In using an identifier [ video ]]The video features are identified uniformly and converted into fixed-dimension vectors during actual computation, as shown in FIG. 2

Denoted as V1, V2, V3, V4, V5, corresponding thereto

Are all marked as [ video ]]。

Step two, given the audio-visual scene representation V = (V) ₁ ,V ₂ ,...,V _m )，V ₁ ,V ₂ ,...,V _m Namely, the sequence representation of each video clip is obtained, each video clip is taken as a vertex, and a video graph based on the full link relation is constructed

Wherein

inputting the video picture into the graph convolution neural network, and outputting the video hidden layer sequence G ^V (ii) a The expression of each layer of graph convolution neural network calculation is as follows:

I, j respectively represent

The number of nodes i, j,

is A ^v The value of the ith row and jth column;

is composed of

The degree matrix of (a) is obtained,

is D ^v The value of row i and column i; in order to make the model capable of considering the node self-expression, an identity matrix I is added ^v To obtain

Accordingly, a corresponding degree matrix is obtained

for the hidden state of the l-th layer graph convolutional neural network,

v is the representation of the original video sequence,

are trainable weights.

Step three, hiding the video layer sequence G ^V Obtaining a fused representation of a video with a representation V of an original video sequence input linear layer

And as part of the input to the subsequent GPT2 model; the expression is as follows:

wherein, W _M ，W _V To train the weights.

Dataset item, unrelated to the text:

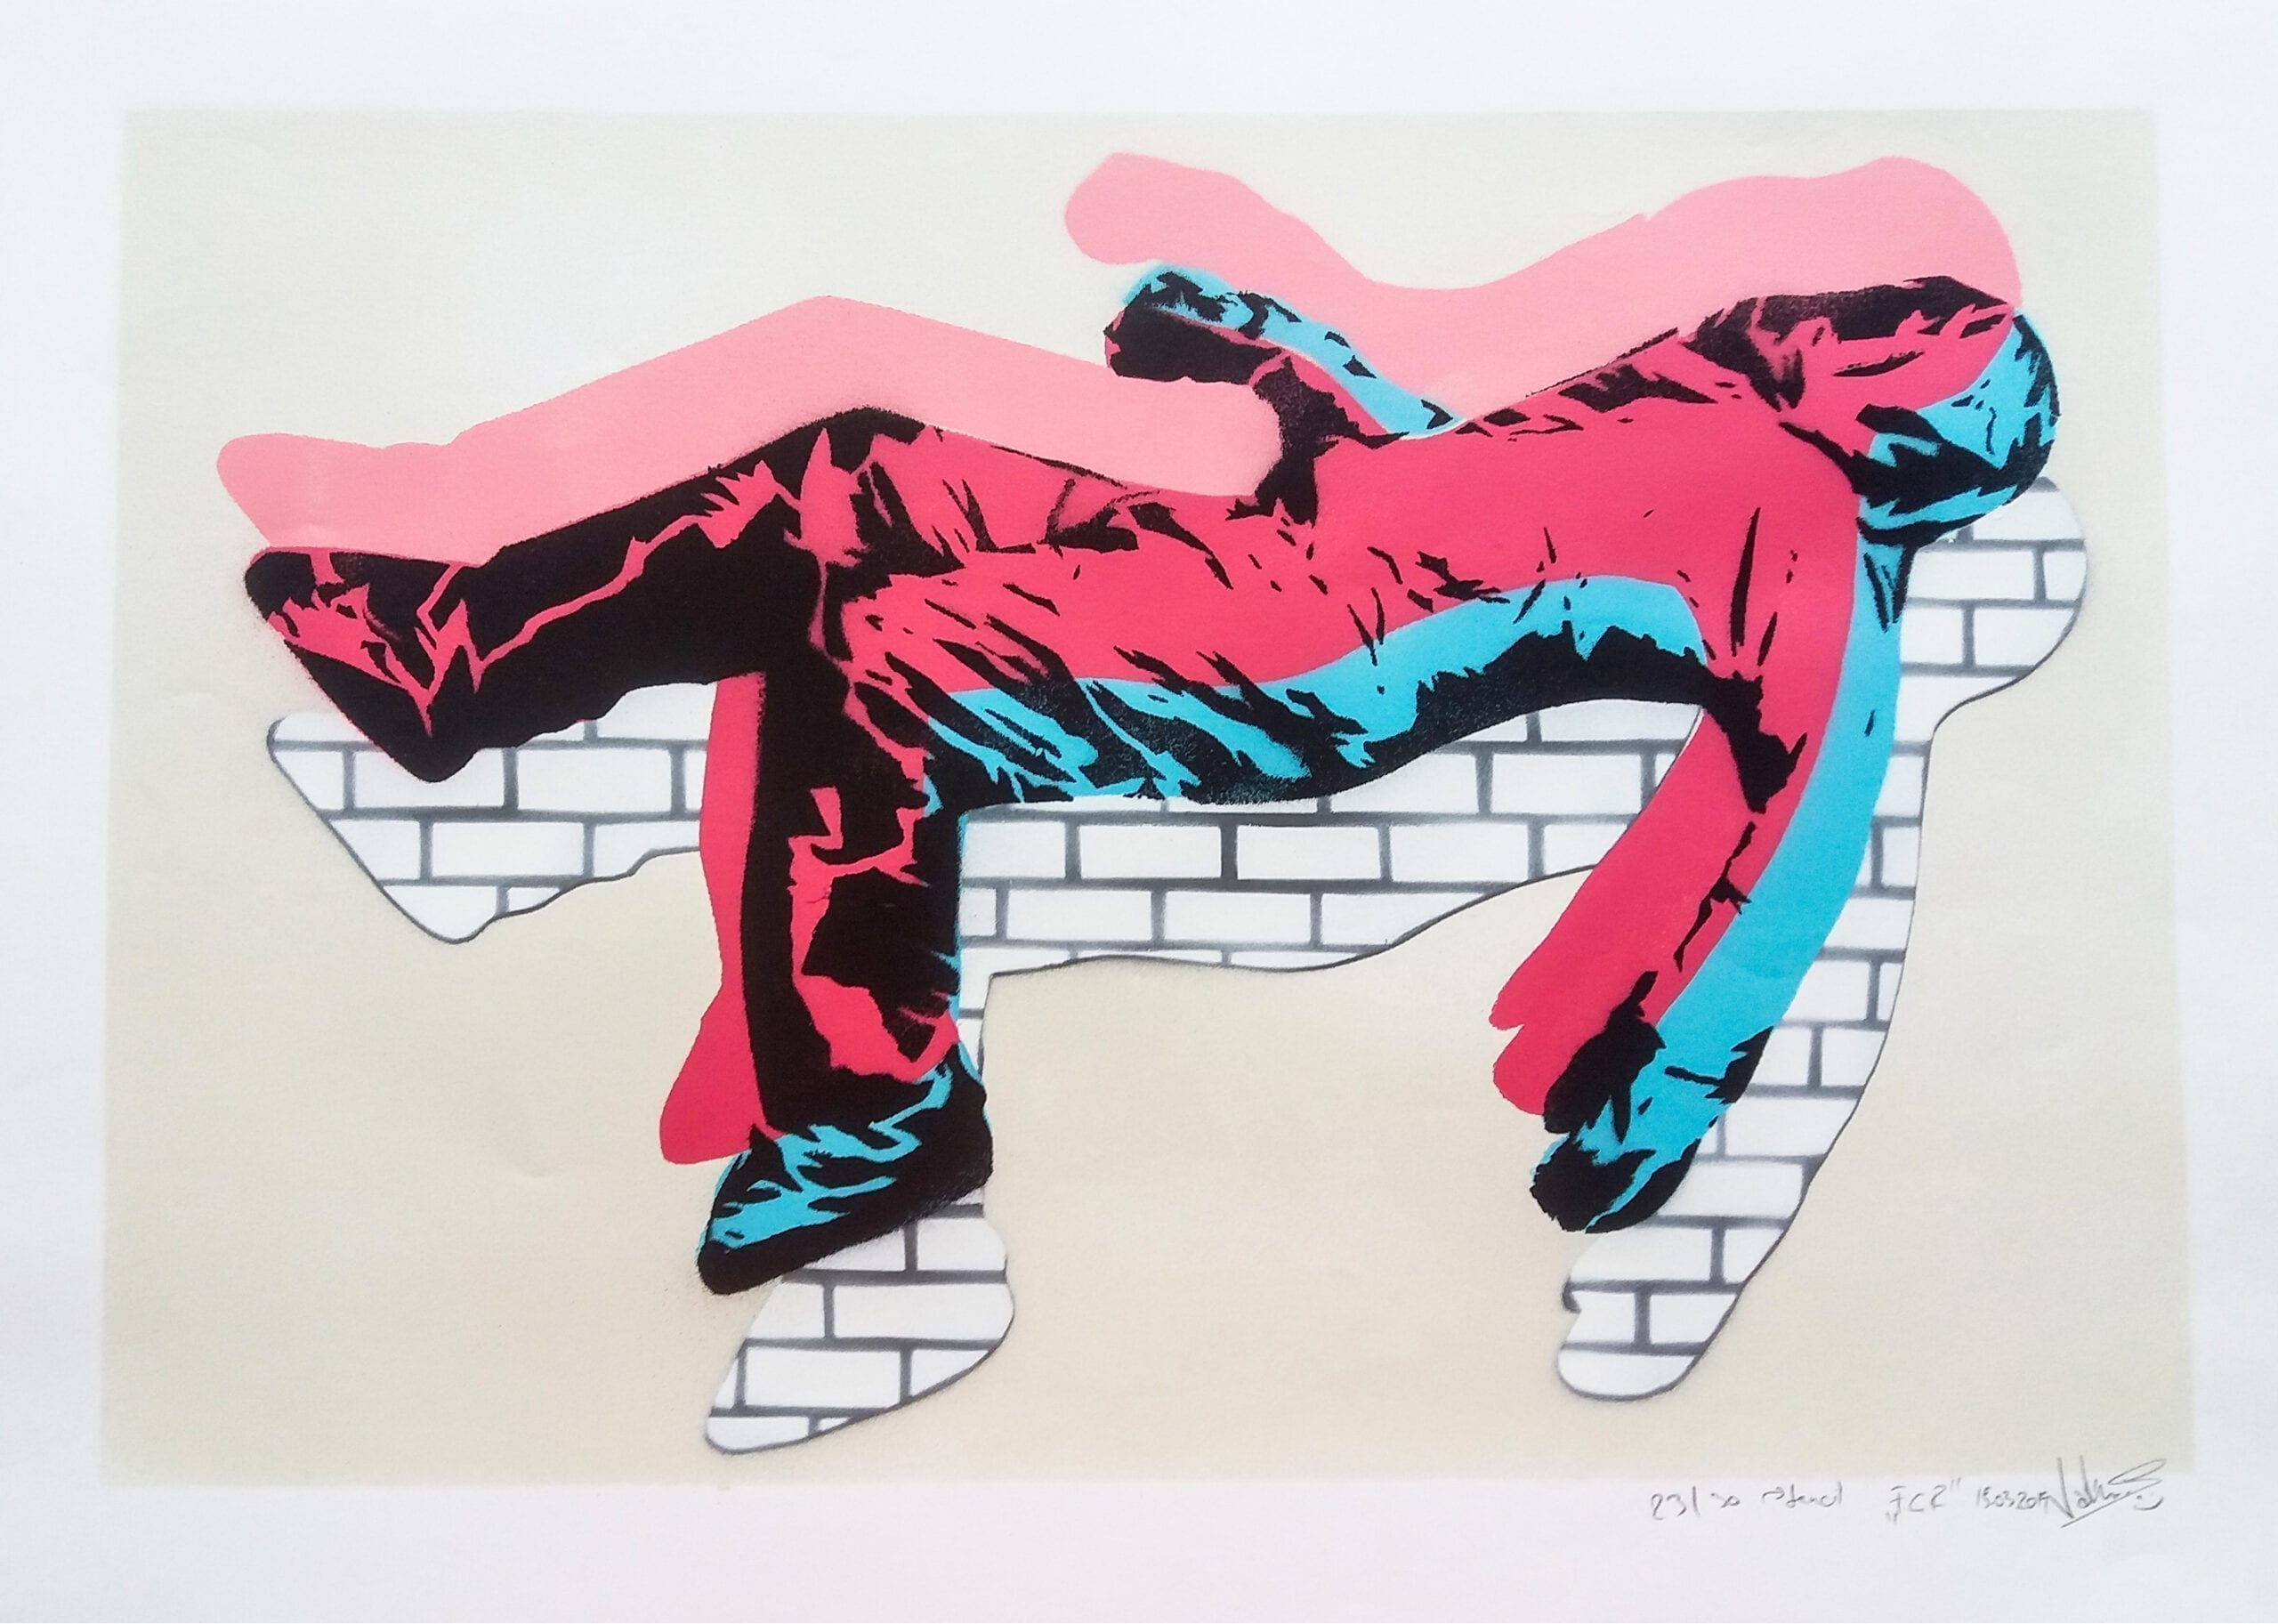 John Dot S reab-echi-ili-bru-tare-limited edition of 30(22buc)-35x50cm-spray on paper

Step four, obtaining Word vector representation C based on Word Pices audio-visual scene title C and conversation history H by using GPT2 Tokenizer ^feature And H ^feature . Subject word vector C ^feature And dialogue history word vector H ^feature Splicing together, adding position information T ^pos And modal information T ^mod Obtaining a text sequence representation T; the expression is as follows:

T ^feature ＝[C ^feature ,H ^feature ],

T＝T ^feature +T ^mod +T ^pos ,

wherein the position information T ^pos Wherein numerals are used to indicate the title and the order of occurrence of the words in each question-answer pair, T ^pos Using the identifier [ cap ]]Uniform identification of audiovisual scene titles, identifier usr1]Identifying the questioner, identifier [ usr2 ]]The respondents are identified and respectively converted into vectors of fixed dimensions in actual calculation, and a specific example is given in fig. 2. Feature layer uses GPT2 Tokenizer to combine text "[ cap ]]a woman…[eos][usr1]is the woman…[eos]"encoding as T ^feature According to the source of each sentence, the text is marked "[ cap ]]a woman…[eos]"corresponding T ^mod The label is [ cap ]]The text "[ usr1 ]]is the wman 8230 ^mod Marked as [ usr1 ]]The text "[ usr2 ]]yes she is \8230; "and" [ usr 2;)]nothing much…[eos]"corresponding T ^mod Marked as [ usr2 ]]。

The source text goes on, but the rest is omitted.